Gliela strinsi. — Grazie — dissi. — Anche da parte di Lily Anne. — Anche questa era un po’ sopra le righe, ma per una situazione simile le istruzioni comportamentali sono così rare.
Mi alzai e impugnai il mio cacciavite. Non era molto, ma sempre meglio di niente. Andai alla porta e provai a posizionarmi di fianco allo stipite, in modo che, se prima avessero guardato dalla finestrella, non mi avrebbero visto. Scelsi il lato più vicino alla maniglia; la porta si apriva verso l’esterno, quindi avrebbero controllato più facilmente l’altro angolo. Dovevo sperare che non si accorgessero di nulla e, vedendo Samantha al suo posto sulla branda, entrassero senza alcuna diffidenza. Poi, con un po’ di fortuna, gli avrei rifilato un bel gancio e me la sarei svignata in quattro e quattr’otto.
Ero appiattito nel mio nascondiglio da circa cinque minuti, quando percepii un lontano vociare attraverso la spessa porta della cella. Trassi un profondo respiro e cercai di farmi ancora più piccolo. Guardai Samantha, che si leccò le labbra e annuì col capo. Ricambiai, poi sentii qualcuno girare la maniglia e la porta si spalancò.
— Ehi, maialetta — fece una voce, seguita da una risatina crudele. — Oink, oink.

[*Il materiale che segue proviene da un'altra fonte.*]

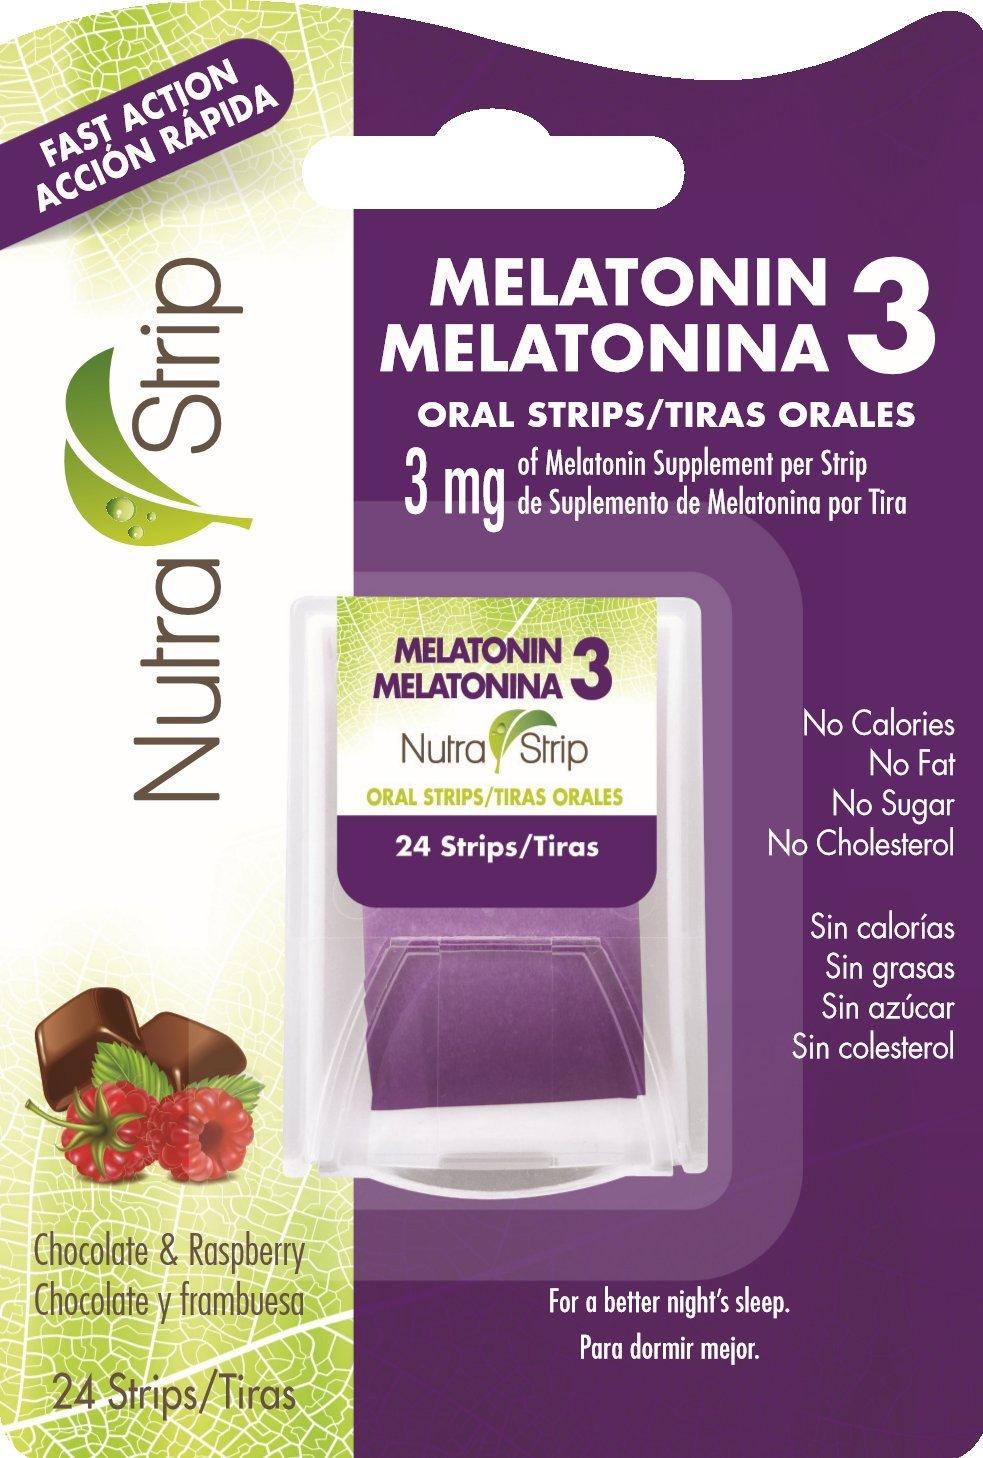 Amazon.com: Nutra-Strip Melatonin 3 / Melatonina 3 X10 Pack: Health & Personal Care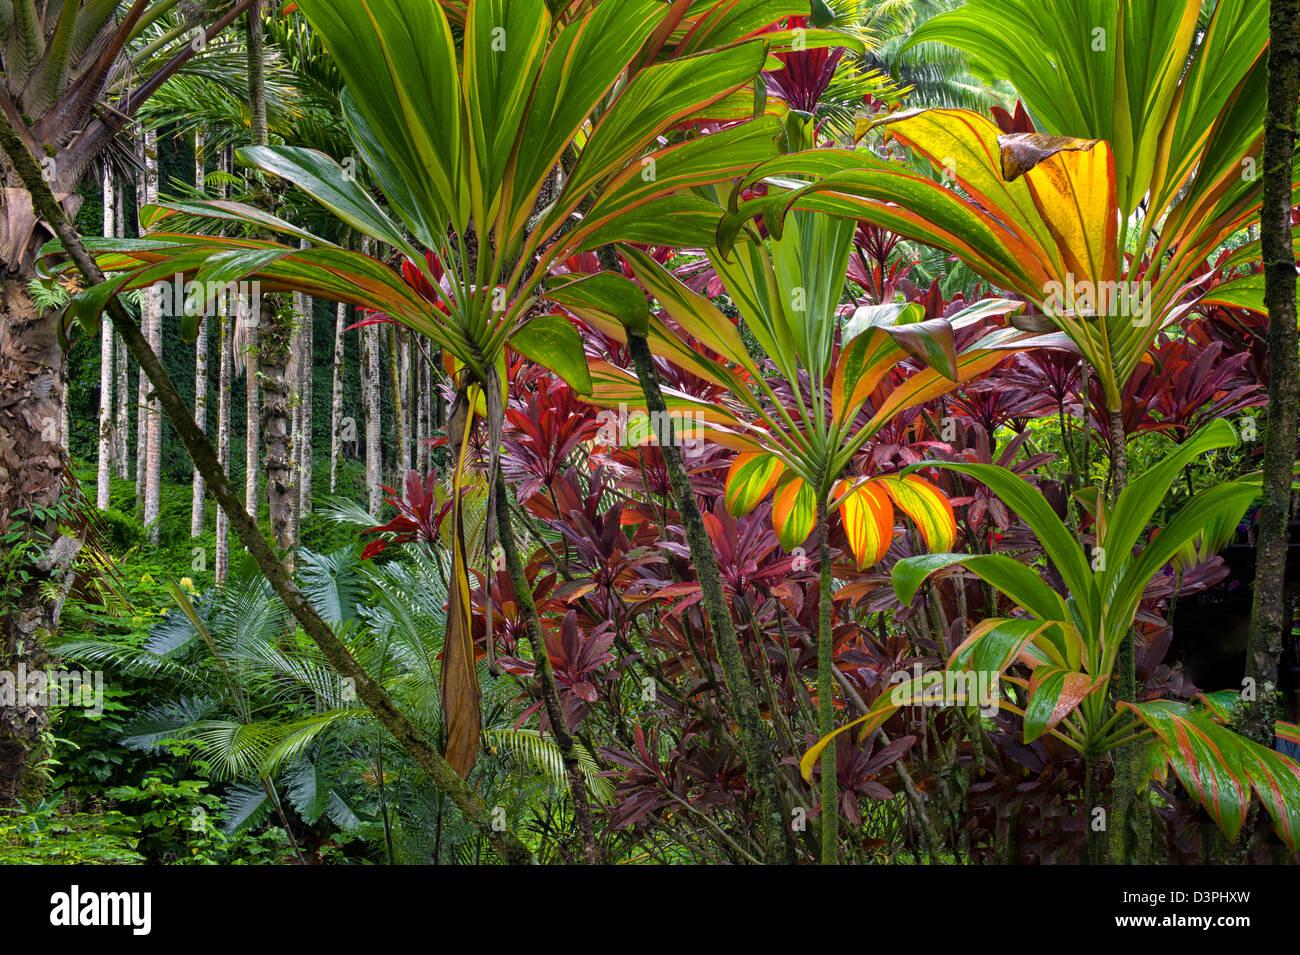 Ti Plants Hawaii Tropical Botanical Gardens Hawaii The Big Stock Photo Royalty Free Image

Comparve un individuo con una borsa frigo di nylon rosso. Gli sbattei con violenza il manico del grosso cacciavite sul cranio e lui cadde in avanti, senza un grido. Veloce come un lampo, oltrepassai il corpo e mi precipitai fuori, con il cacciavite alzato, pronto a tutto…
… ma non al potente pugno che mi colpì in faccia, schiacciandomi contro la parete. Feci appena in tempo a riconoscere il nerboruto buttafuori dalla testa rasata che lui mi immobilizzò, piazzandomi l’avambraccio intorno alla gola, mentre Bobby Acosta, alle sue spalle, urlava: — Ammazza quel coglione!
Poi il buttafuori mi assestò un pugno sul mento delle dimensioni di un pianoforte, e io precipitai nel buio.
29
Mi trovavo in un luogo lontano, in cui sottili scintille di luce volteggiavano su un mare buio e sconfinato, e Dexter l’attraversava a nuoto, con le gambe pesanti come il piombo, le braccia rigide e una sgradevole sensazione di galleggiamento che mi dava la nausea. Per lungo tempo non percepii altro pensiero o sensazione, a parte di esistere, finché un suono ripetuto mi raggiunse da lontano per concretizzarsi in un’impressione molto forte, espressa da un’unica sillaba cristallina: Ahi! Divenni così consapevole che “Ahi” non era un termine mistico utilizzato per la meditazione, né una terra perduta citata nella Bibbia, ma l’unico mezzo per riassumere con efficacia il Dolore di Dexter, dalle spalle in su. Ahi…
— Forza, Dexter, svegliati — mormorò una voce femminile. Una mano fredda mi si posò sulla fronte. Non avevo idea di chi si trattasse e, a dire il vero, non mi parve così importante come il fatto che la mia testa fosse in preda a un dolore indescrivibile e il collo non si muovesse.
— Dexter, ti prego — insistette la voce. La mano fredda mi diede dei colpetti sulla guancia che, a rigor di termini, erano un po’ troppo forti per essere considerati educati, e a ogni colpetto un’ondata di ahi riecheggiava nella mia testa.
Riacquistai infine il controllo delle braccia e ne utilizzai una per liberarmi dalla mano che mi martellava. — Ahi — mi uscì, e il mio lamento risuonò come il canto lontano di un uccello grosso e stanco.
— Sei vivo — disse la voce, e quella dannata mano riprese ad assestarmi colpetti sulla guancia. — Mi ero davvero preoccupata. — Quella voce dovevo averla già sentita, ma non sapevo dire dove, e in ogni caso non era la mia priorità al momento, visto che la mia testa era una specie di porridge fiammeggiante.
— Ahiii — ripetei, con più forza. Non riuscivo a dire altro, ma poco male, visto che riassumeva con eloquenza ciò che sentivo.
— Avanti — disse la voce. — Apri gli occhi, Dexter. Forza.
Riflettei su quella parola: “occhi”. Ero abbastanza sicuro di conoscerla. Se non sbagliavo, doveva avere a che fare con… uhm… con il vedere? Erano localizzati da qualche parte sulla faccia o giù di lì? Sì, doveva essere giusto; provai un piacere opaco e confuso. Una l’avevo azzeccata. Complimenti.